Testing is all about getting confidence that your code is correct. As you say, this technique can find bugs, and so when it then ceases to find bugs in a given bit of code even as you increase the load it gives you confidence that your code is working.

However, I’ve been doing lots of multi-threaded work in C++ recently, and I’m painfully aware that multi-threaded synchronization is one aspect that is particularly hard to test: you need to carefully think through the synchronization requirements before coding.
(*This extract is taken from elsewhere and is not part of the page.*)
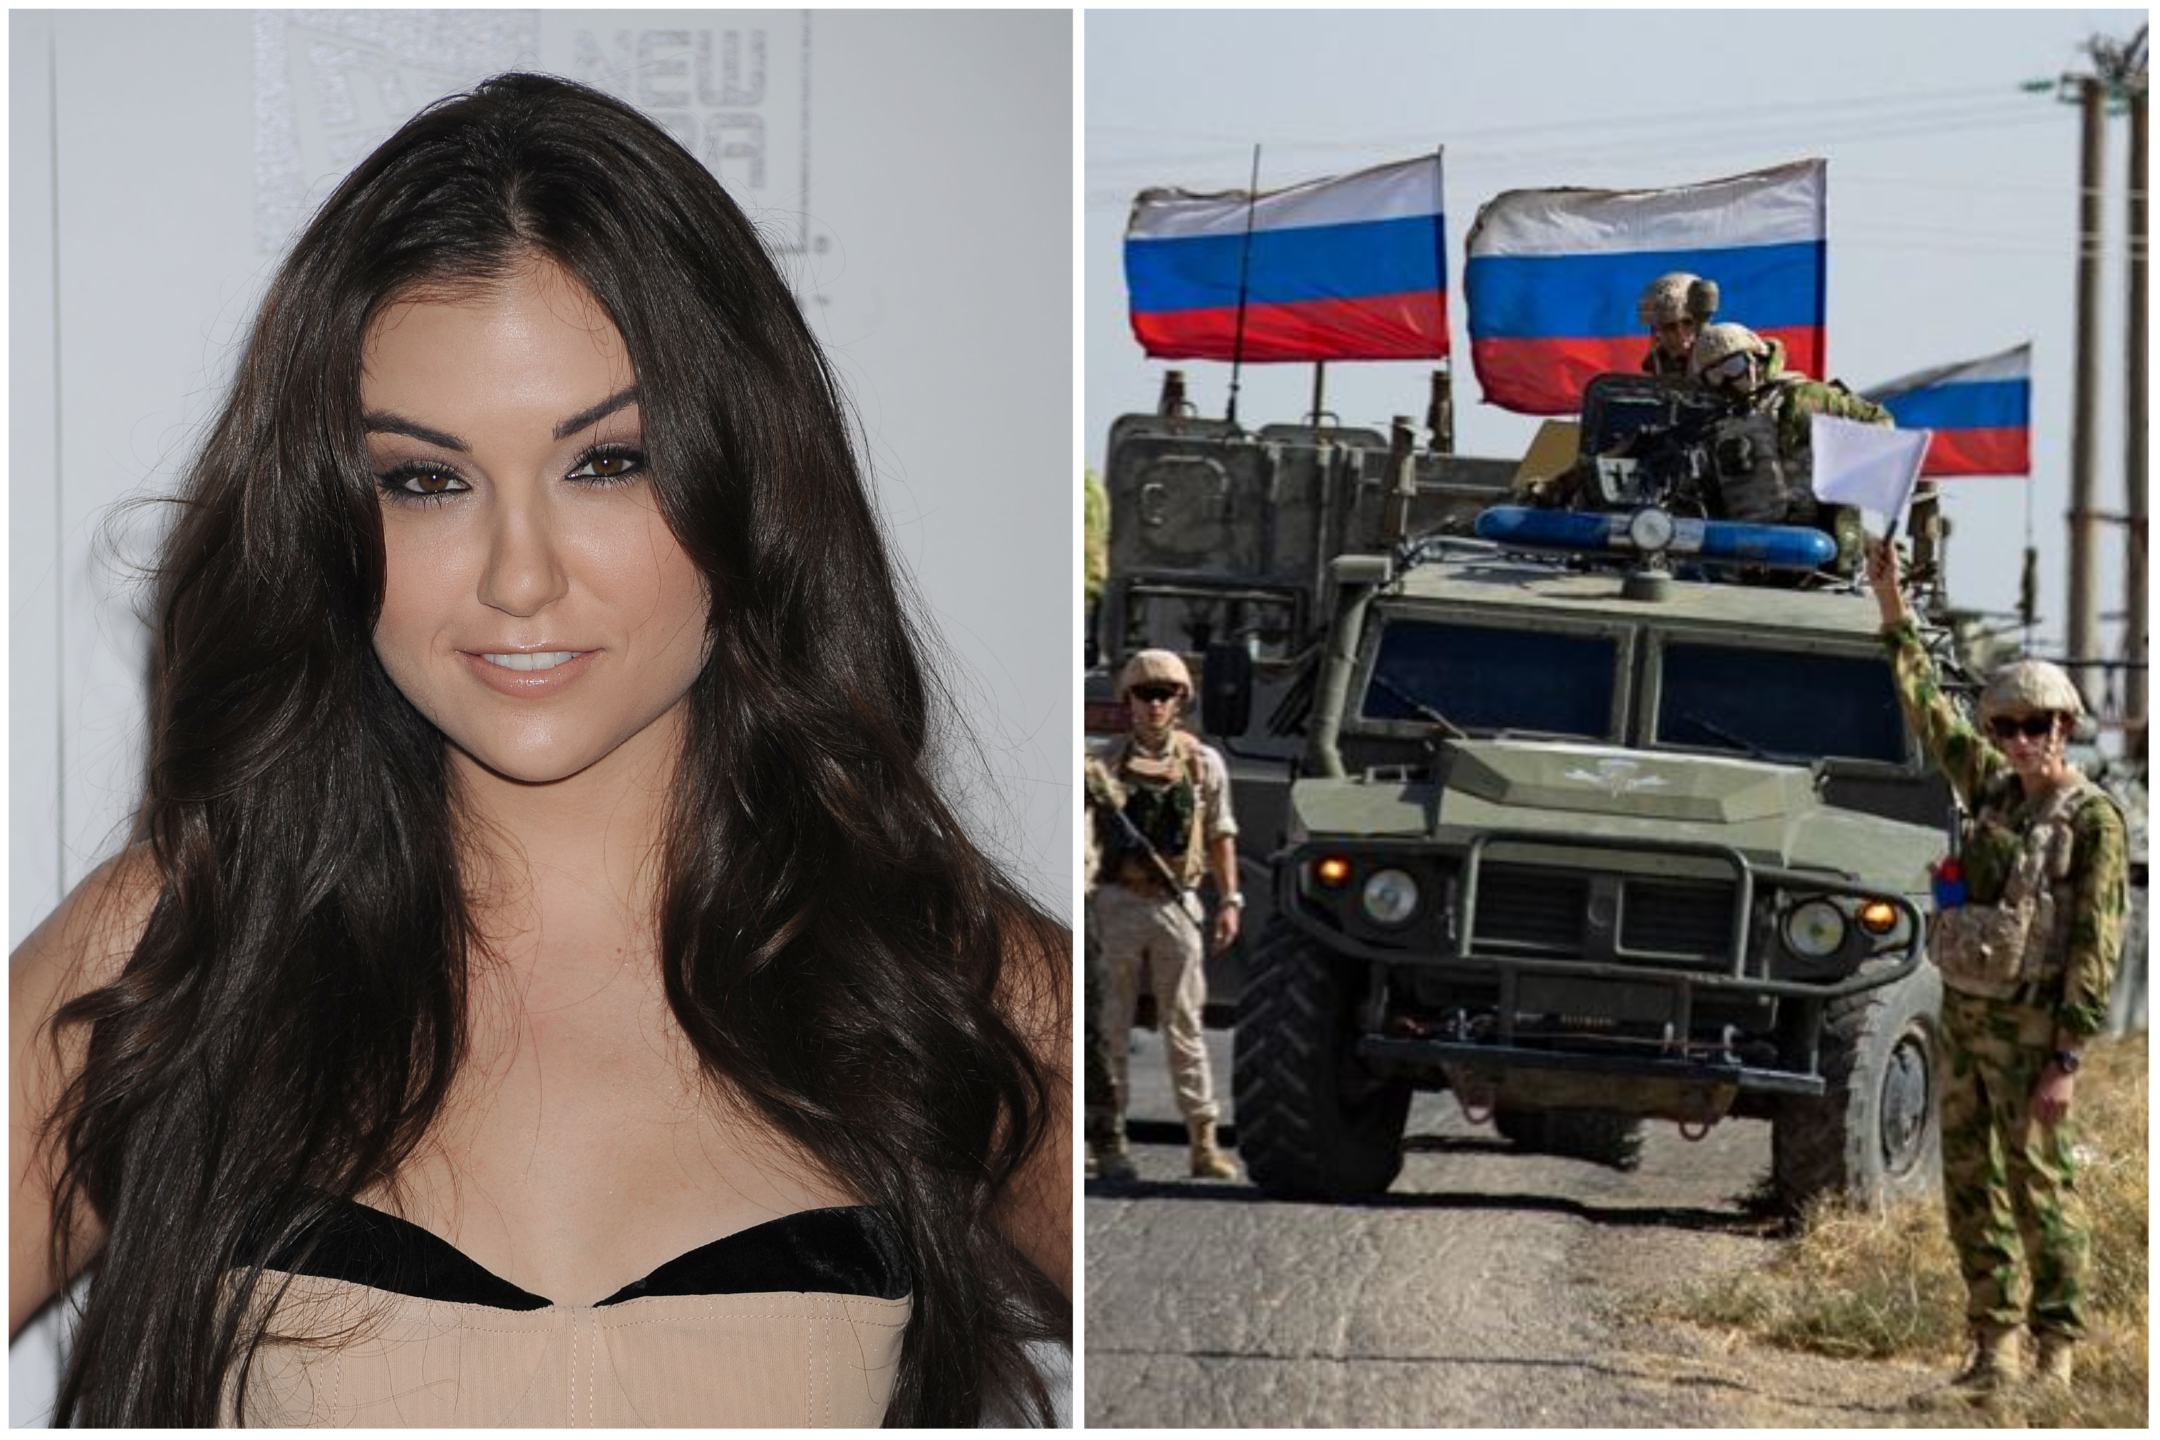 Fact Check Was Ex-Adult Film Star Sasha Grey in Russian Military Promo? pic

This style of testing should be used sparingly and only to assert behavior that can’t be tested some other, more deterministic way. I do think it can be very effective, and while there is always a chance the “bad behavior” doesn’t surface for small sets, that chance rapidly nears zero once you increase the sample and thread sizes. For example, for the project where this technique was first employed, we consistently saw issues with sample sets as small as 10 with 2 threads. When we were close a solution, we cranked the sample set to 1k and 5k with 50-100 threads to see if it would break under extreme load. With that data size and load, we were confident that we’d found the right solution.

There may be scenarios where multi-cpu configurations expose some unexpected behavior, but in the example and sample code, there are no such scenarios. There is no shared state between invocations and you can run as many concurrent threads as the VM can handle, on any number of CPUs without issue. It’s a rather simple solution to fairly common real world problem.

Also, there is the issue of visibility. On single CPU systems, or dual-core systems that share a cache between cores, threads may see changes to data made by other threads even when suitable synchronization is not being used. If the application is then run on a true multi-processor system, such latent bugs may be exposed.

So: this is a worthwhile tool to have, but it’s not a silver-bullet.